Take the listing below and print exactly the lines starting at the line containing "Furudo Erika Wa" and ending at the line containing "Une fois les", both ends included, and no others.

▶ _Provided data_:
+===+

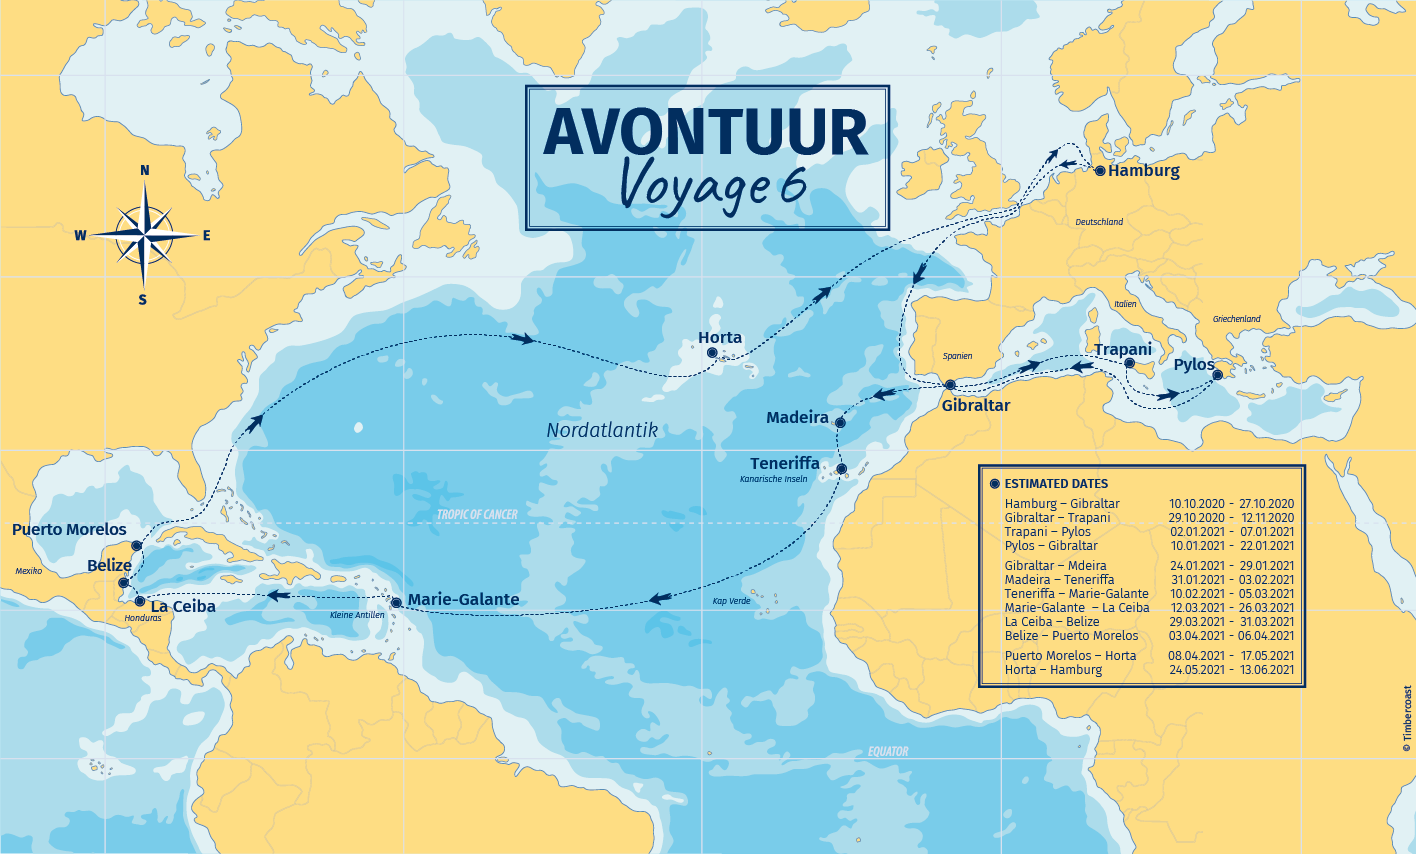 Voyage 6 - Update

+===+

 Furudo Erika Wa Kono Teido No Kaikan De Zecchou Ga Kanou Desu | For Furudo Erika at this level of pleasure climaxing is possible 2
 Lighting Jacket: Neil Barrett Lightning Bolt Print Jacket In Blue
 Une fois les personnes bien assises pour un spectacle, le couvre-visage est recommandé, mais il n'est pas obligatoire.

+===+

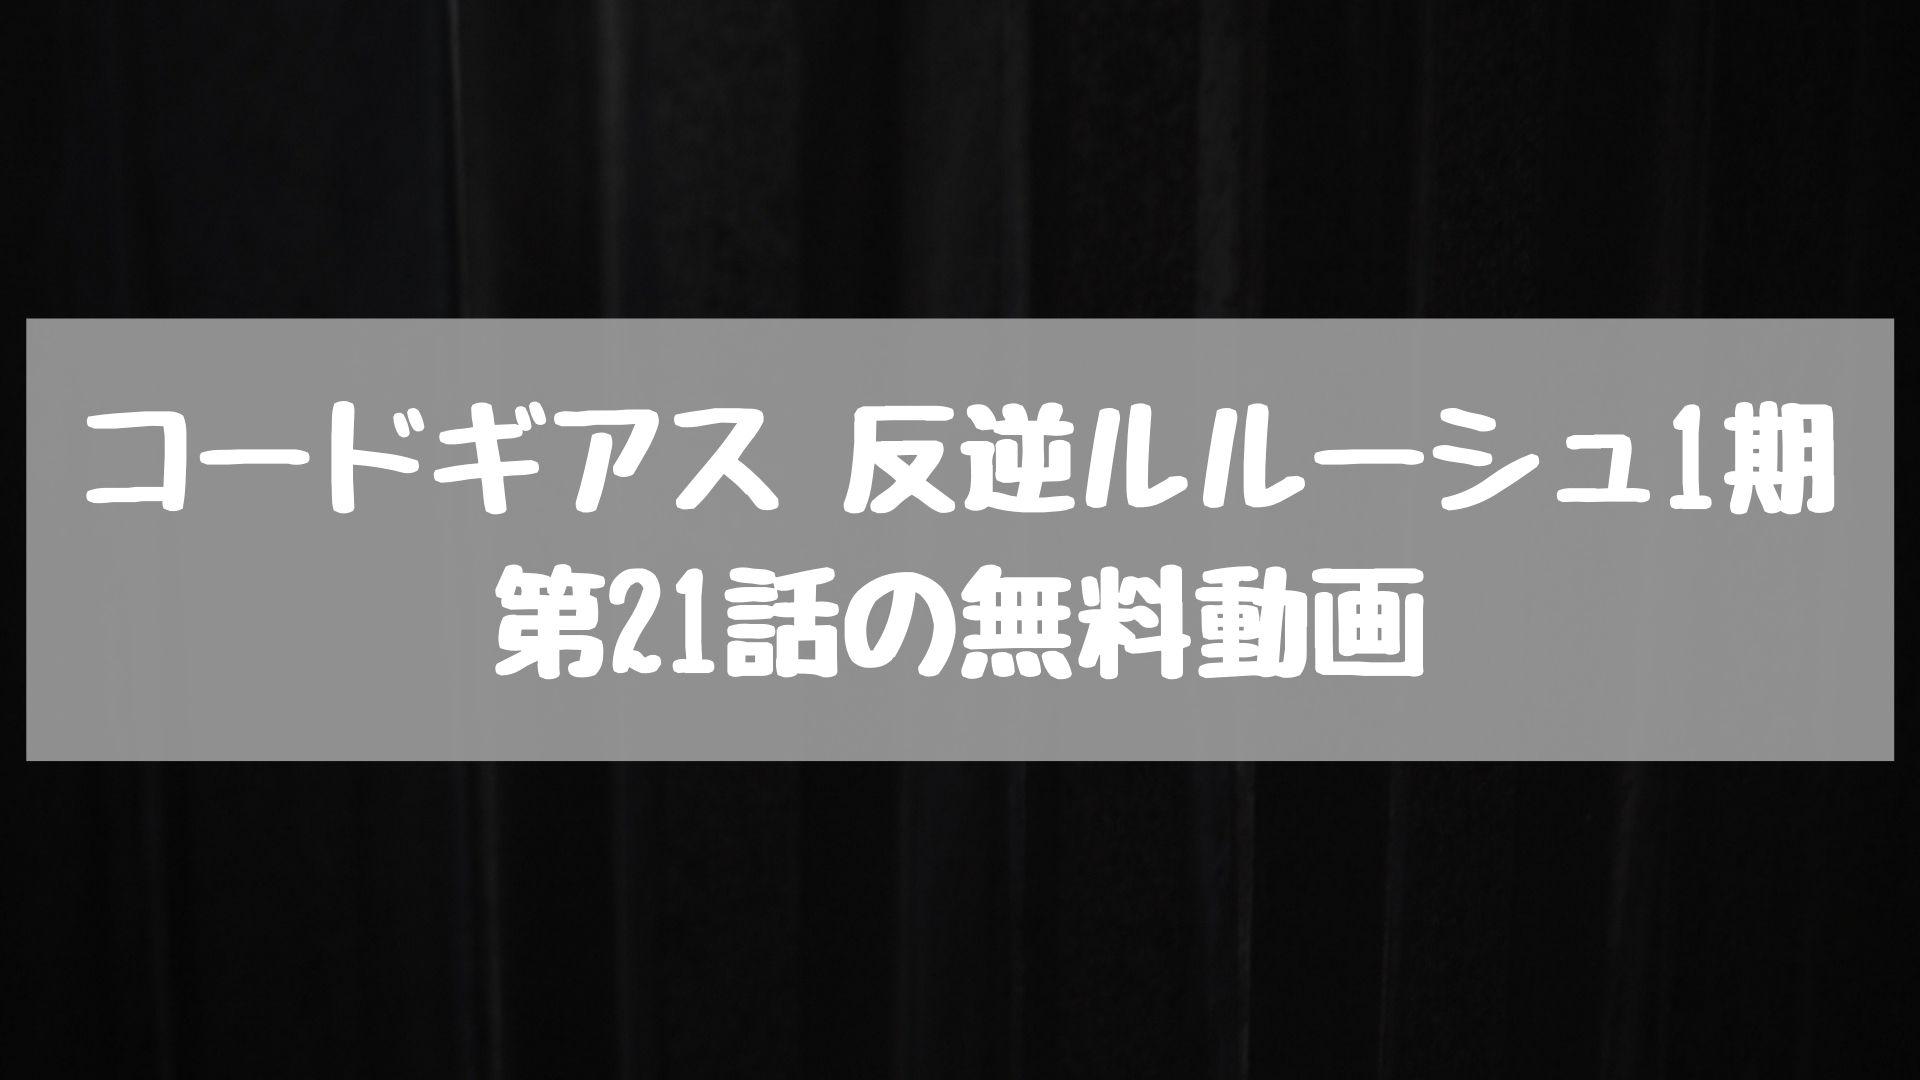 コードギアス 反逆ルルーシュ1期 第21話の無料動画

+===+

▶ _Result for this exercise_:
 Furudo Erika Wa Kono Teido No Kaikan De Zecchou Ga Kanou Desu | For Furudo Erika at this level of pleasure climaxing is possible 2
 Lighting Jacket: Neil Barrett Lightning Bolt Print Jacket In Blue
 Une fois les personnes bien assises pour un spectacle, le couvre-visage est recommandé, mais il n'est pas obligatoire.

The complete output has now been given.